I am setting up a new ( to me) 20 ft boom sprayer for pastures and grass hay fields. When I calibrated it at 20psi, and a reasonable spraying ground speed, it was putting out 11 gallons per acre. This is great for minimizing refills and with fan jets it should get decent coverage. But what have you learned in your experience? I will be using Grazon Next HL on pastures and Crossbow on Hay, both with surfactants. Will 11 gallons get the needed leaf coverage? I am using 20psi to minimize drift.


----------



## Vol (Jul 5, 2009)

Edd, I used to use 20-25 gallons per acre, but changed to 10 gallons per acre when I noticed on most herbicide labels that their minimum gpa for application was 10 gallons. I cannot tell any difference on the effectiveness of the herbicides I used doing both gpa's. For pastures and hayfields you should not have any problem. 30 psi and under is recommended for low drift requirements.....20 seems a little low but a good indicator of your coverage is by observing the effectiveness of your coverage when using glyphosate. The resulting coverage will be very obvious.

Regards, Mike


----------



## rjmoses (Apr 4, 2010)

I run 20 gpa at 40 PSI and 5.5MPH.

Drift is a function of droplet size, spray height and wind. A smaller droplet size will give better coverage at the risk of more drift.

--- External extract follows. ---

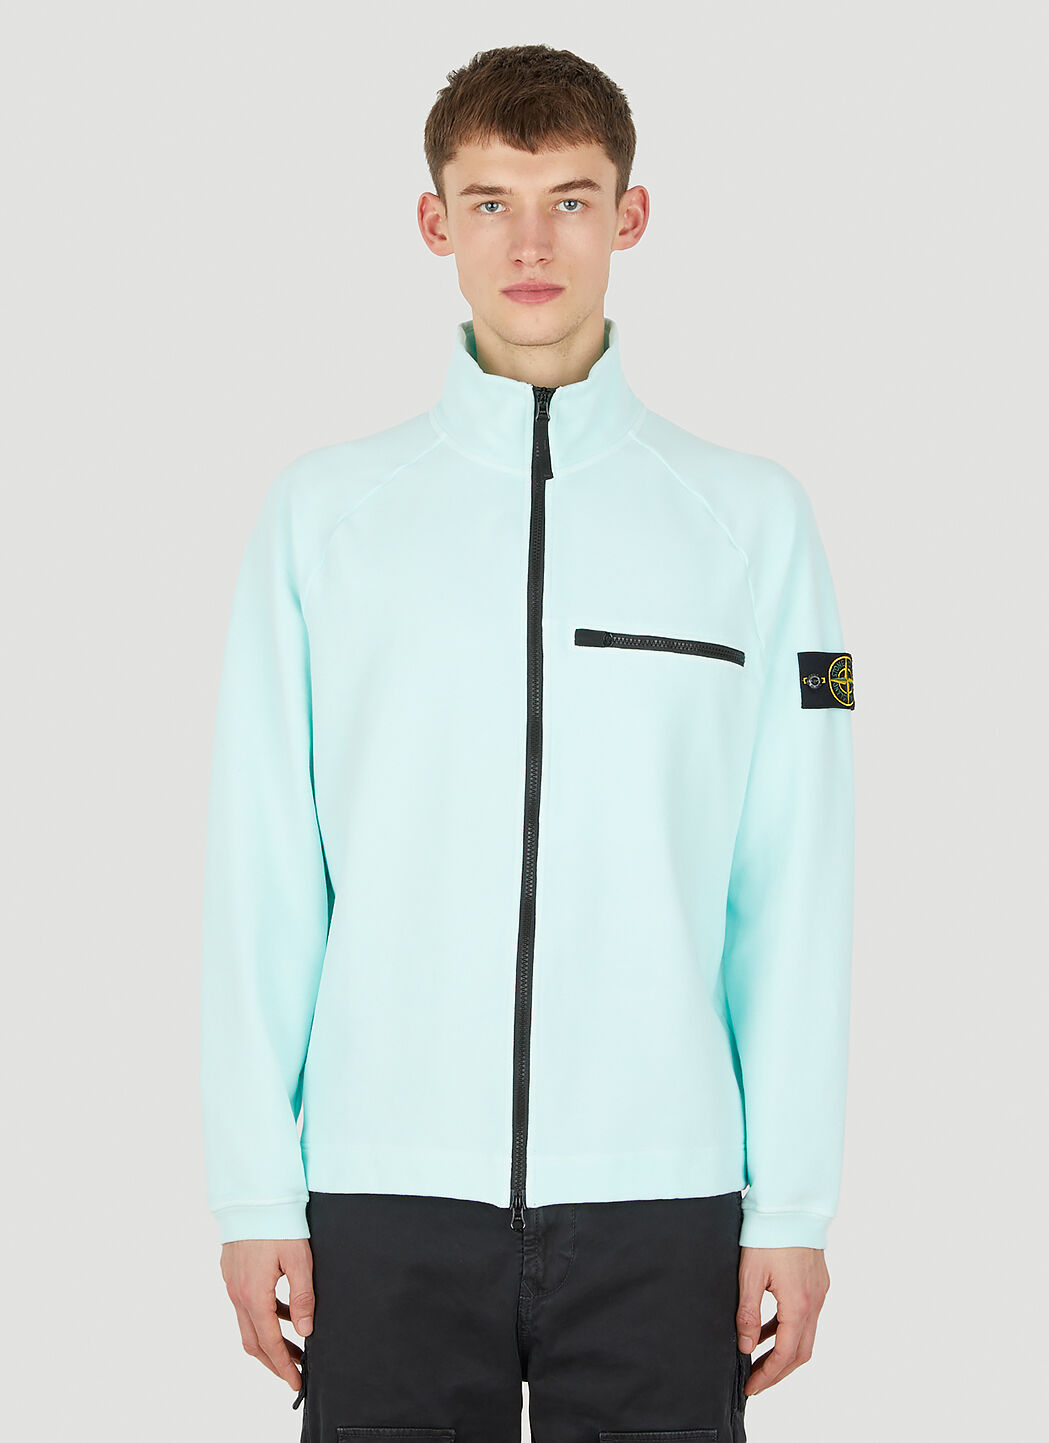 Stone Island Compass Patch Track Jacket in Light Blue | LN-CC®

Some weeds require the herbicide to spread more over the leaf surface to be effective. Adding MSO, non-ionic surfactant or ammonium sulfate is always a good idea unless contra-indicated.

Hope this helps....

Ralph


----------



## swall01 (Jun 10, 2018)

I use the TeeJet brand nozzles and have different sets for different applications. You need to stay within the PSI range for the nozzles you have. 20 PSI is not reccomended on the chart for any of the tips i use even though the data (gpm) is published for them. I would suggest 30 PSI as minimum and 40 PSI as ideal for most applications without getting into a droplet size that is too small. If your grass is more than about 10 inches deep you will likely not touch any weeds or insects at ground level with 20 PSI. The weeds that have just sprouted are just as important to kill as those above the grass canopy. Also, some dont realize worm defense is to fall to the ground when threat (tractor vibration) is percieved. So either way you want enough pressure to punch all the way through.


----------